Read an Excerpt

CHAPTER 1

EVOLUTION & DIVERSITY OF SNAKES

Snakes are elongate animals with fragile skulls and skeletons, which may become disarticulated and separated post-mortem. It is therefore no surprise that relatively few complete snake fossils are available, most comprising a few vertebrae and skull fragments.

THE EVOLUTION OF SNAKES

There are two contrasting schools of thought regarding the evolutionary origin of snakes. One theory proposed that they evolved from a now extinct group of large marine reptiles known as mosasaurs, which dominated the Late Cretaceous oceans. The other theory holds that snakes have a terrestrial origin and evolved from within the Anguimorpha, a suborder of lizards that today contains the slow worms, alligator lizards, monitor lizards, and the venomous Gila monster, and beaded lizards. This latter theory is the more widely accepted, but there is still support for an aquatic mosasaur origin.

The earliest snakes are now thought to date from the Middle Jurassic or Early Cretaceous period, 167–140 MYA (million years ago), with fossil examples discovered in England, Portugal, and Colorado, USA. These fossil examples comprise a few vertebrae and fragments of jawbones, but they can be readily identified as snakes by their strongly recurved teeth, a common characteristic of modern and ancestral snakes. Their discovery suggests a much earlier origin for snakes than the previously accepted Late Cretaceous, 95 MYA.

Early snakes are thought to have inhabited warm, wet, well-vegetated habitats, where they existed as terrestrial, nocturnal, wide-foraging, non-constricting stealth hunters, preying on soft-bodied invertebrates and vertebrates of lesser width than their own heads. A modern comparison might be the Asian pipesnakes (Cylindrophis). The greatest explosion in snake diversity appears to have occurred following the Cretaceous–Paleogene extinction event, 66 MYA. This led to the extinction of the dinosaurs, mosasaurs, and 75 percent of all life on Earth, but it also resulted in the rise of the mammals, a potential prey source of early snakes.
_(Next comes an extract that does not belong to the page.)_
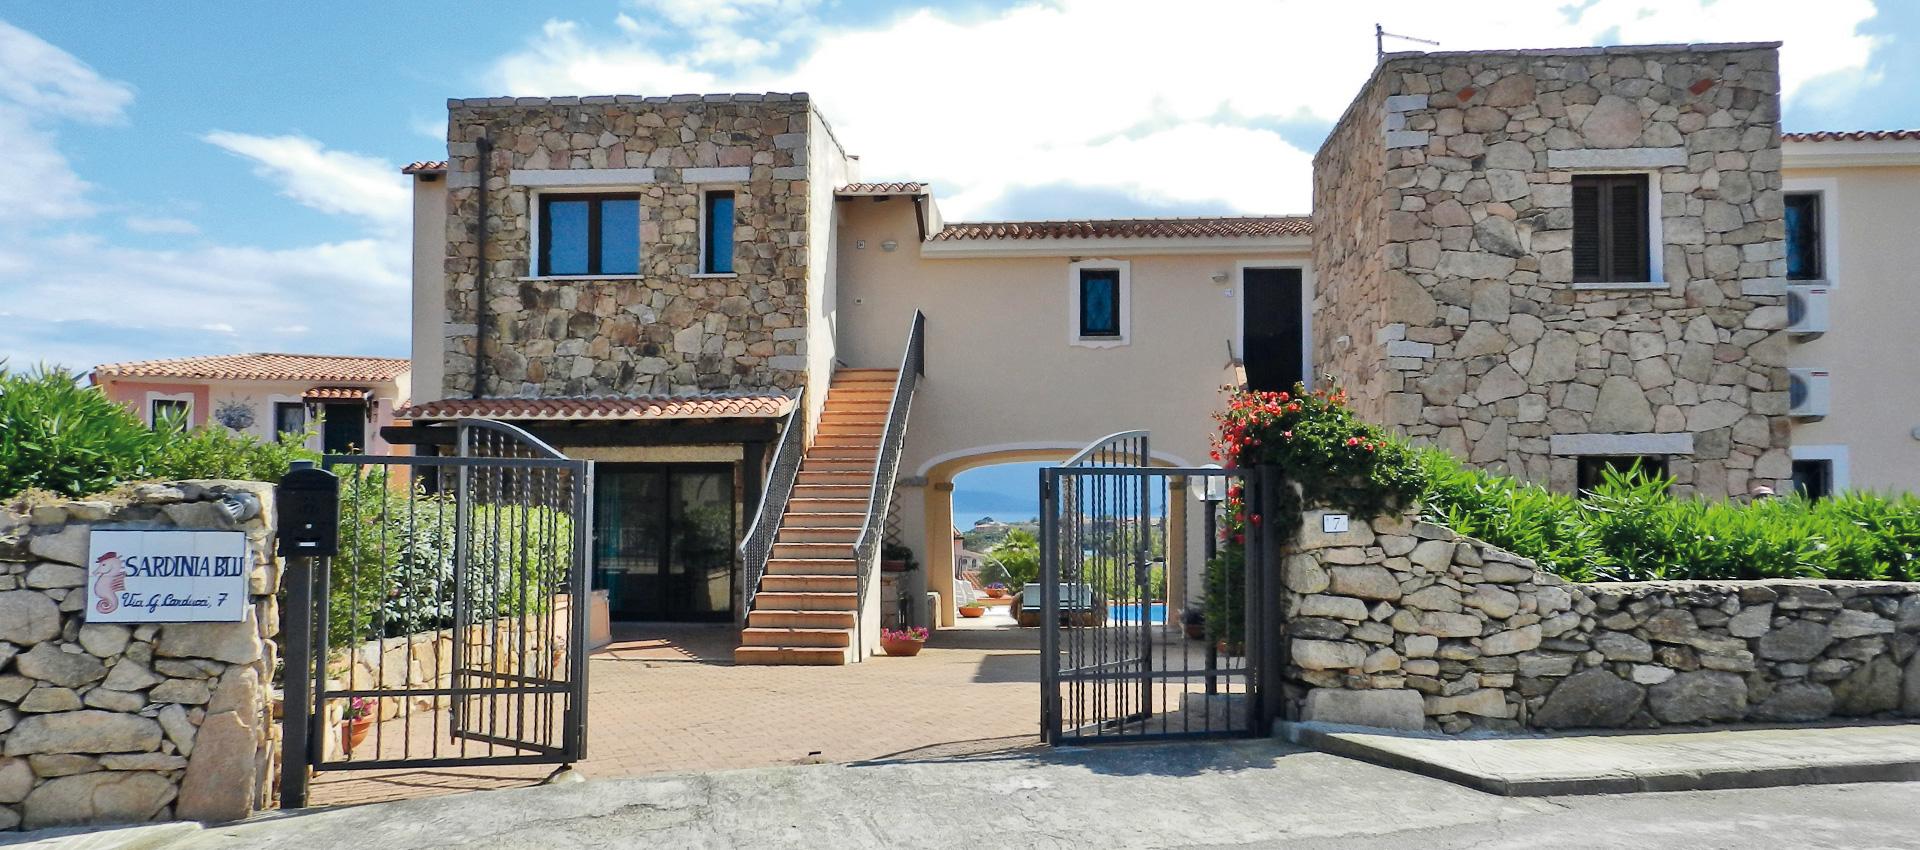 residence in sardegna residence in sardegna

Some fossil snakes display hind limbs, including Najash rionegrina, from Late Cretaceous Patagonia, which has a well-developed pelvic girdle and what are believed to have been functional hind limbs. Three Middle Cretaceous marine species — Pachyrhachis problematicus and Haasiophis terrasanctus from Palestine, and Eupodophis descouensi from Lebanon — also had hind limbs. These species are grouped in the extinct family Simoliophiidae, but body elongation and loss of limbs does not necessarily separate snakes from lizards (see "Skeleton and Limbs").

As recently as 2016, an Early Cretaceous fossil from Brazil was described as Tetrapodophis amplectus. It had an extremely elongate body and four short pentadactyl limbs, and was reported worldwide as the first four-legged snake. But this discovery proved extremely controversial, and paleontologists now believe that the fossil is a dolichosaur, an extinct marine lizard-like reptile.

THE DIVERSITY OF MODERN SNAKES

The snakes (suborder Serpentes), along with the lizards (suborder Lacertilia) and the worm-lizards (suborder Amphisbaenia), comprise the order Squamata, the scaled reptiles. The sister clade (group) of the Squamata is the Rhynchocephalia, the beaked reptiles, a once diverse and widely distributed group of lizard-like reptiles that is now confined to New Zealand, where it is represented by a sole extant species, the Tuatara (Sphenodon punctatus). The Squamata and Rhynchocephalia together form the superorder Lepidosauria, the sister clade of the Archosauria, which contains crocodilians, birds, and extinct dinosaurs and pterosaurs.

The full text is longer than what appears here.